Я хотел увидеться с ней, так или иначе покончить со всем, и в доме тетушки я нашел ее в огромном белом зале: она ждала меня. Все заливал свет. В нем она оставалась безо всякой тени, подобная белой статуе в галерее; непостижимая.

— Я пришел, — сказал я.

Планировал сказать: «Потому что мне больше нечего делать во всем мире». Но не сказал, а только смотрел на нее.
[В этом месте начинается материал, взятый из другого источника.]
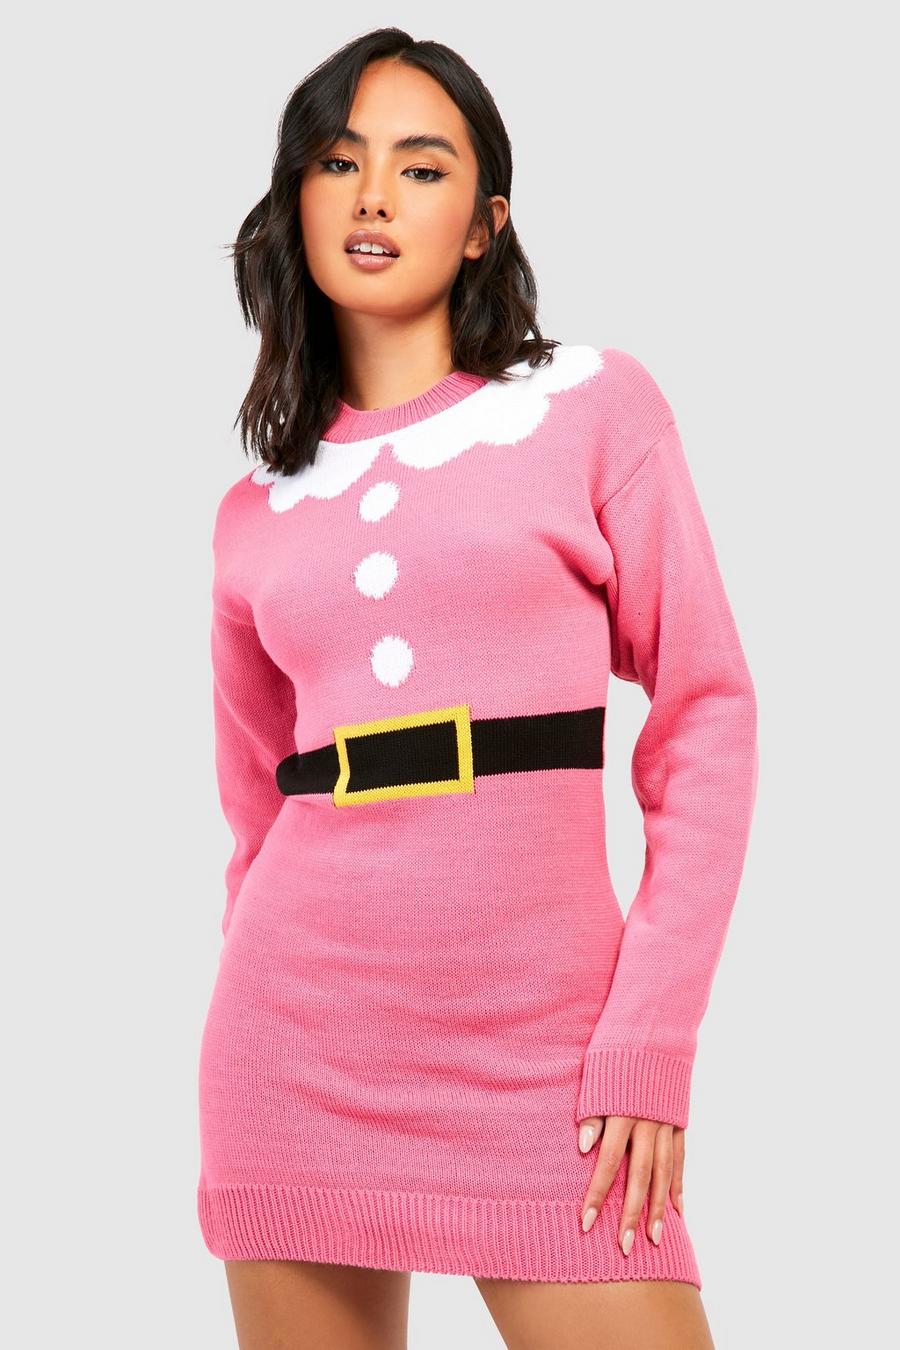 Hot pink Mrs Claus Christmas Jumper Dress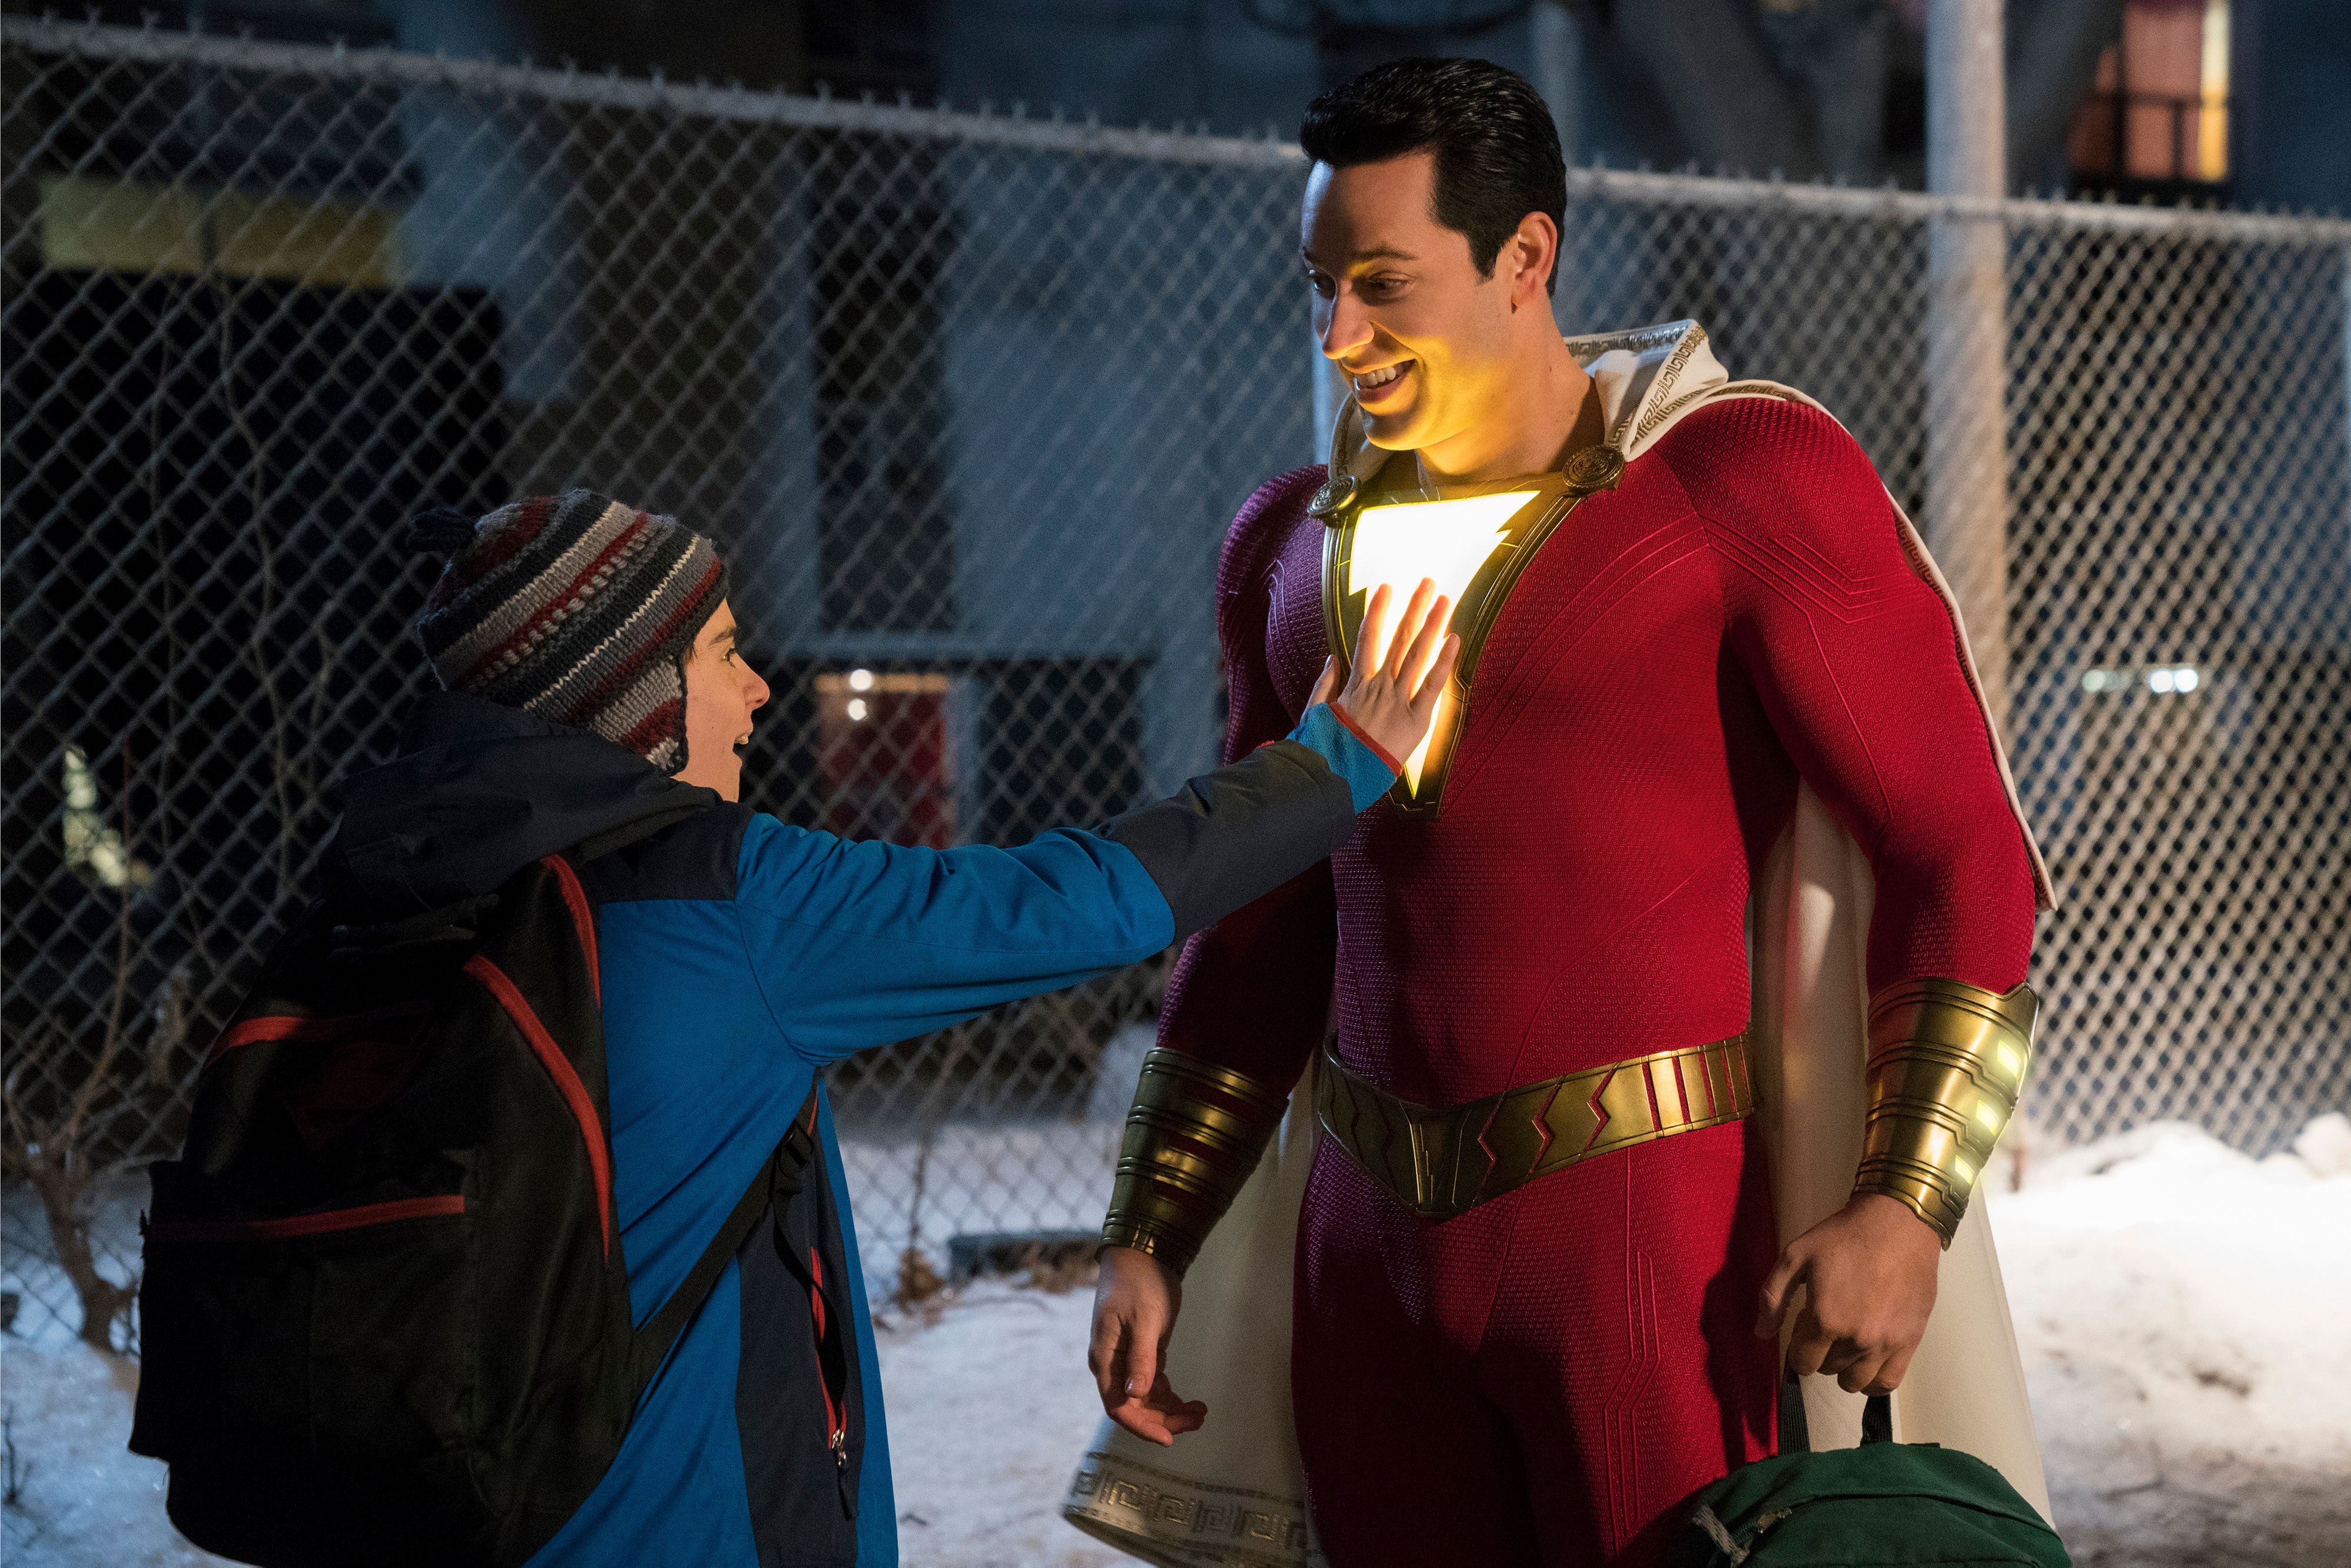 Tras su participación con Marvel, el actor Zachary Levi será el rostro de una estrella de DC.  (Foto Prensa Libre: Warner Bros)

— Ты пришел, — повторила она.

Ни капли эмоций — ни в голосе, ни в глазах. Будто я для нее ничто, будто я не человек, а портрет. Что ж, все верно: я — портрет, она — статуя.

— Я все сделал, — сказал я наконец.

— И что тебе нужно?

— Ты знаешь, — ответил я. — Мне нужно получить…

Подходящее слово не шло. Либо «награду», либо «заслуженную плату». И вдруг она посмотрела на меня. Все равно как если бы ко мне обернулась Венера Милосская. Заговорила, как если бы заговорила статуя, как если бы заговорил человеческим языком похоронный колокол, бесстрастно извещая о чьей-то кончине.

— Ты не сделал ничего, — сказала она. — Ничего.

— И все-таки, — ответил я, — это я стою в сердце всего.

— Ничего, — повторила она. — В сердце всего, да; но это сердце машины.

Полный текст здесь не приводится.